There are four main types of GIFs:

Intestinal Fistula: occurs when gastric fluid leaks from one part of the intestine to the other where the folds touch. 

Extraintestinal Fistula: occurs when gastric fluid leaks from your intestine to your other organs, such as your bladder, lungs, or vascular system.

External Fistula: occurs when gastric fluid leaks through the skin.

 Complex Fistula: is one that occurs in more than one organ.

Causes

There are several different causes of GIFs. They include:

Surgery Complications

Cancer

Radiation treatment for the abdomen

Bowel obstruction

Surgical suture problems

Incision site problems

Abscess

Infection

Hematoma 

Tumor

Malnutrition

Bowel infections such as diverticulitis, and vascular insufficiency

Trauma: physical trauma, such as gunshot or knife wounds that penetrate the abdomen

Symptoms and Complications 

Abdominal pain

Painful bowel obstruction

Fever

Elevated white blood cell count

People who have internal fistulas may experience:

Diarrhea

Rectal bleeding

Bloodstream infection or sepsis

Poor absorption of nutrients and weight loss

Dehydration

Worsening of the underlying disease

The most serious complication of GIF is sepsis, a medical emergency in which the body has a severe response to bacteria. This condition may lead to dangerously low blood pressure, organ damage, and death.

Seeking medical care

See a doctor if you experience any of these symptoms after surgery:

a significant change in your bowel habits

severe diarrhea

fluid leakage from an opening in your abdomen or near your anus

abdominal pain

Diagnosis

The doctor upon presentation in the hospital will:

Review your medical and surgical history and assess your current symptoms. 

Recommend several blood tests to assess the serum electrolytes 

Nutritional status, which is a measure of your levels of albumin and pre-albumin. 

Fistulogram may be done by injecting contrast dye into the opening in your skin and taking X-rays

An upper and lower endoscopy 

Upper and lower intestinal radiography

Ultrasound or CT scan can be used to find intestinal fistula or abscessed areas.

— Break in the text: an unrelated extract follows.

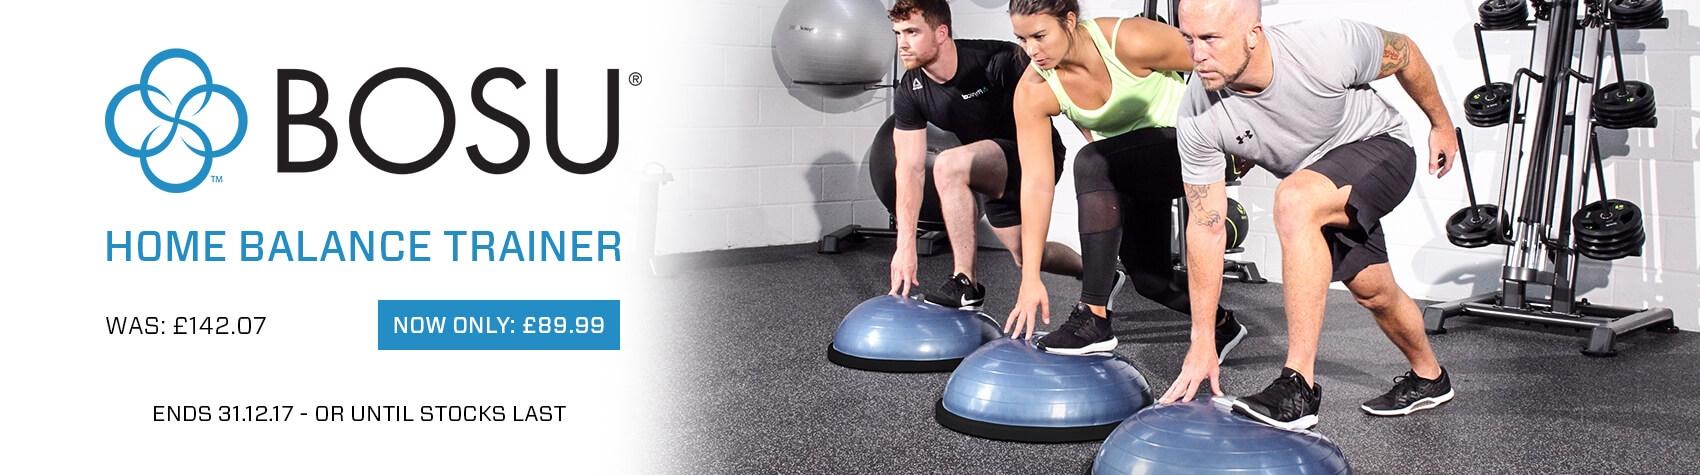 BOSU Home Balance Trainer Sale

Magnetic resonance cholangiopancreatography (MRCP)

Treatment 

Fistulas are classified based on how much gastric fluid is seeping through the opening. Low output fistulas produce less than 200 milliliters of gastric fluid per day. High output fistulas produce about 500 milliliters per day.

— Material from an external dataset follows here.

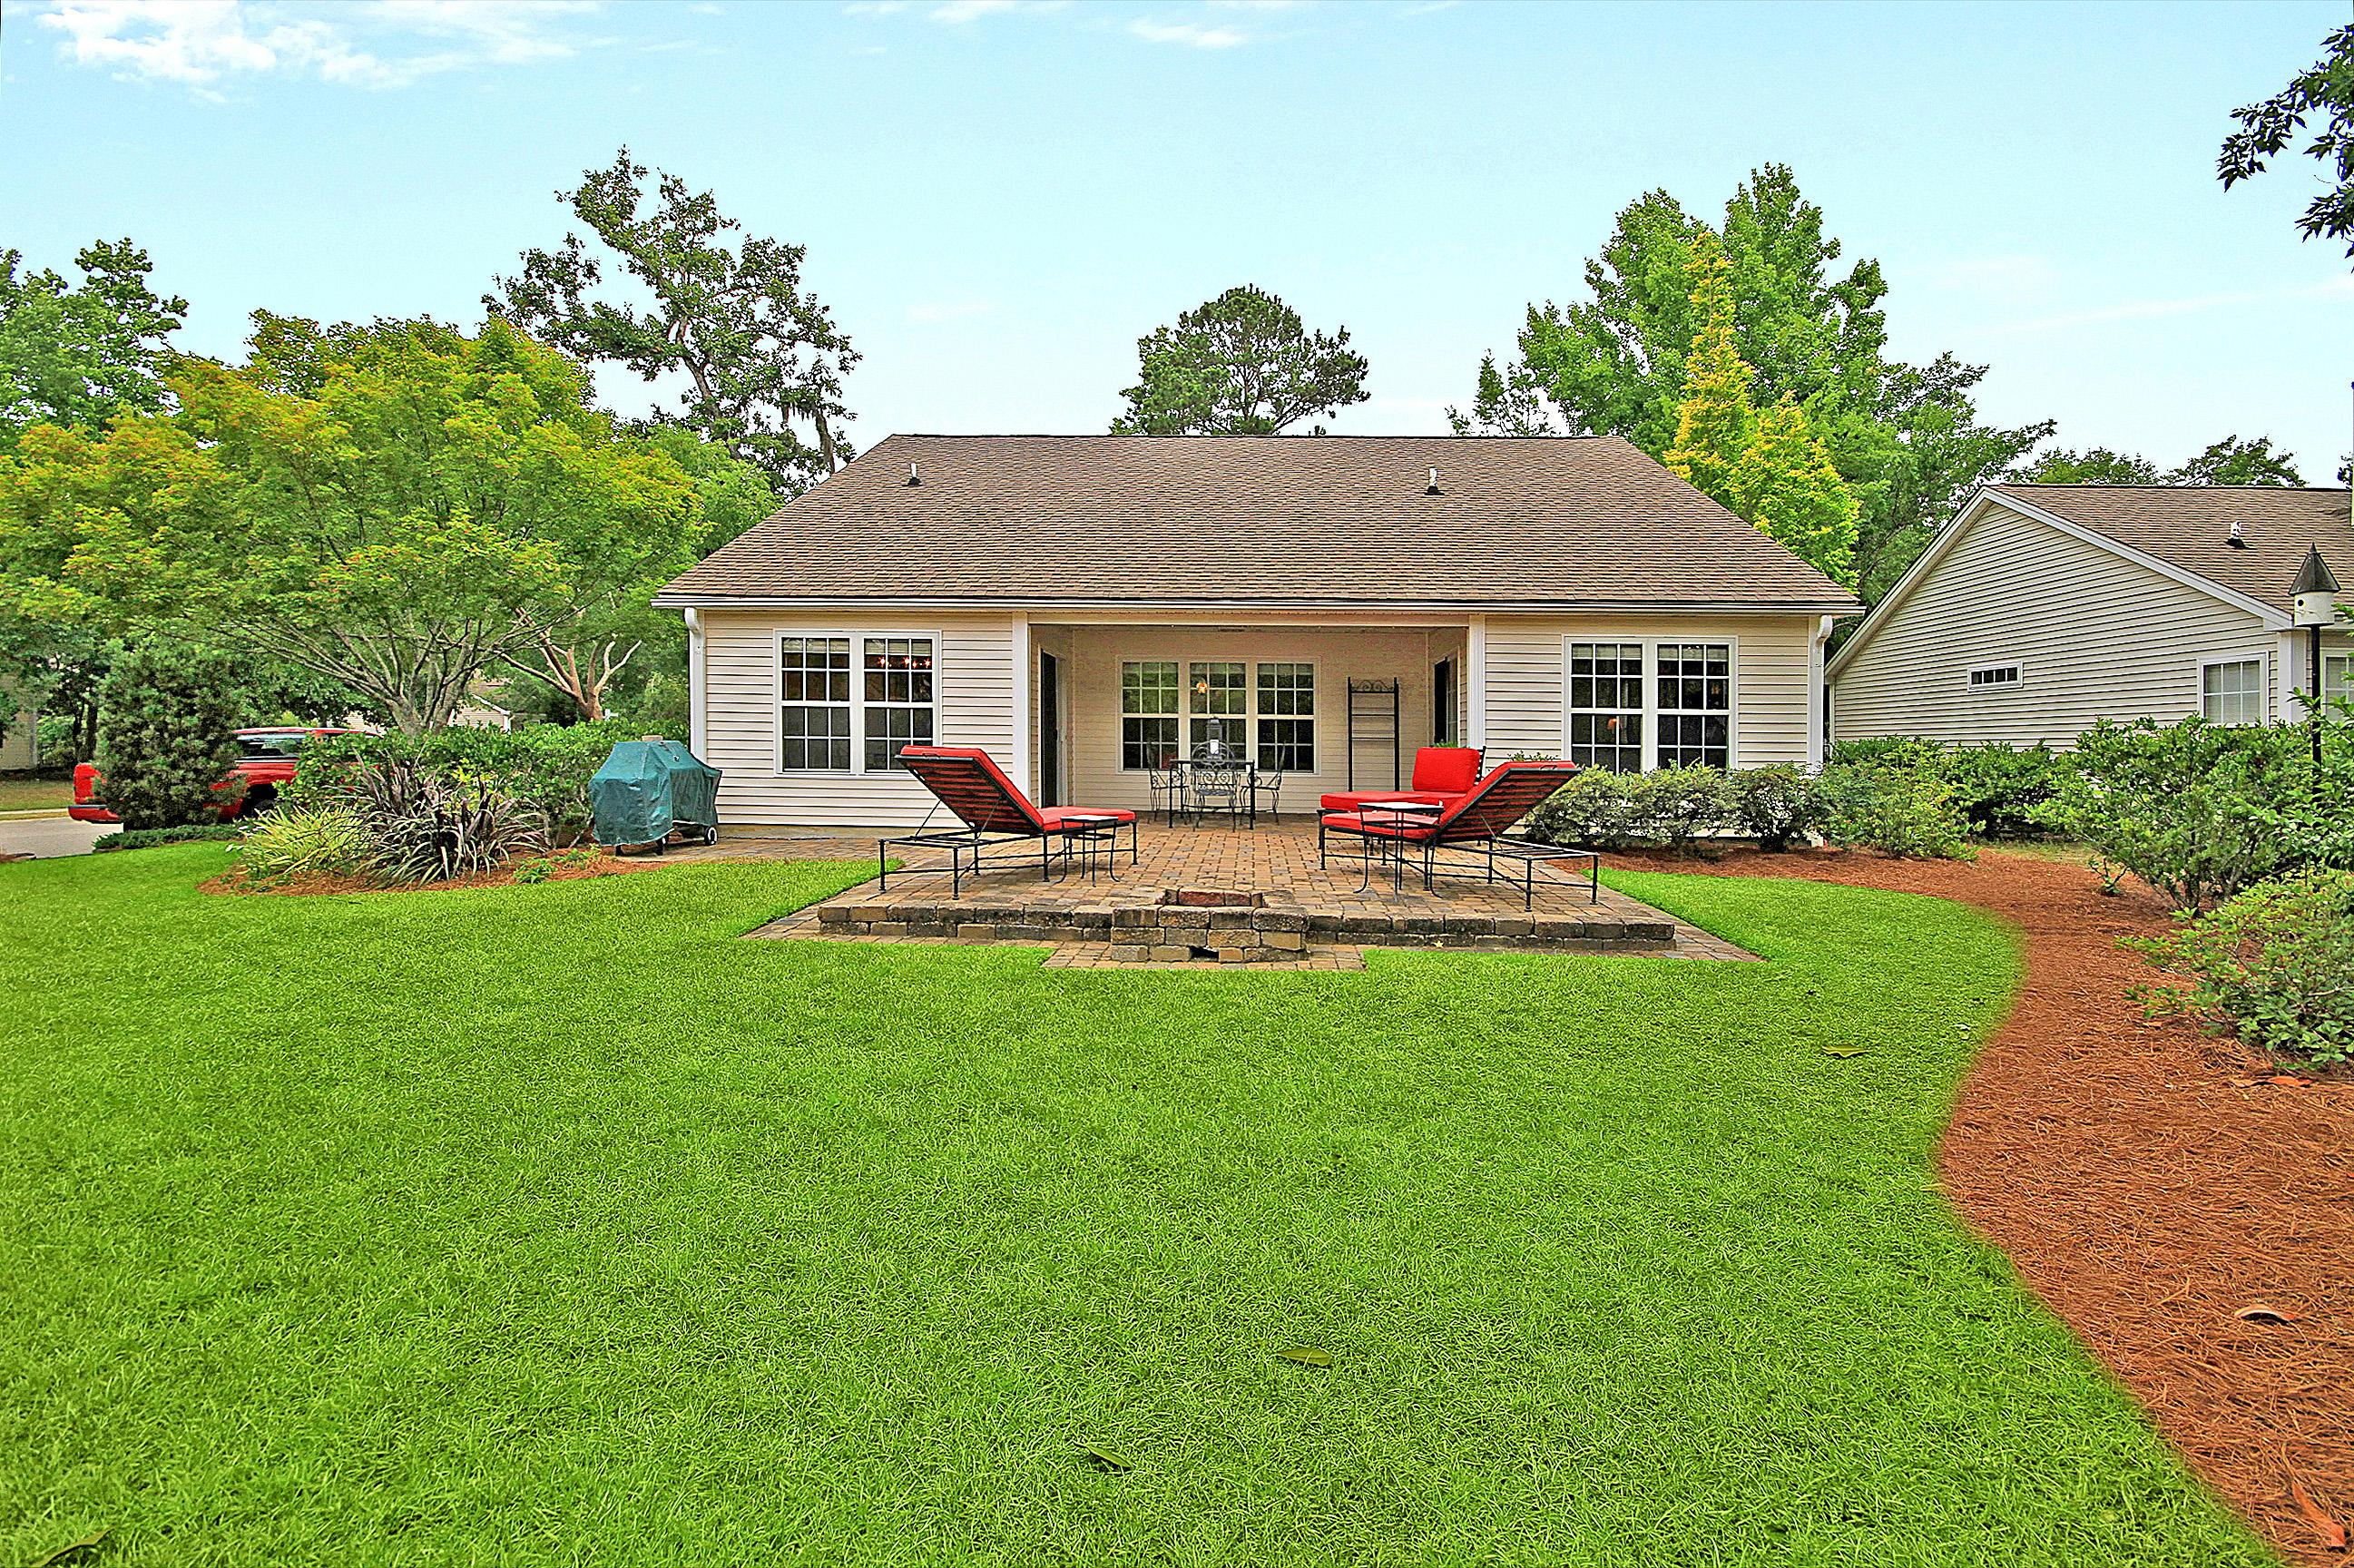 Planters Pointe Homes For Sale - 2863 Curran, Mount Pleasant, SC - 13

Some types of fistulas close on their own when the:

infection is controlled

body absorbed enough nutrients

overall health is good

amount of gastric fluid is coming through the opening is small

The general treatments may include:

replenishing fluids

correction of the blood serum electrolytes

normalizing an acid and base imbalance

reducing the fluid output from your fistula

controlling infection and guarding against sepsis

protecting the skin and providing ongoing wound care.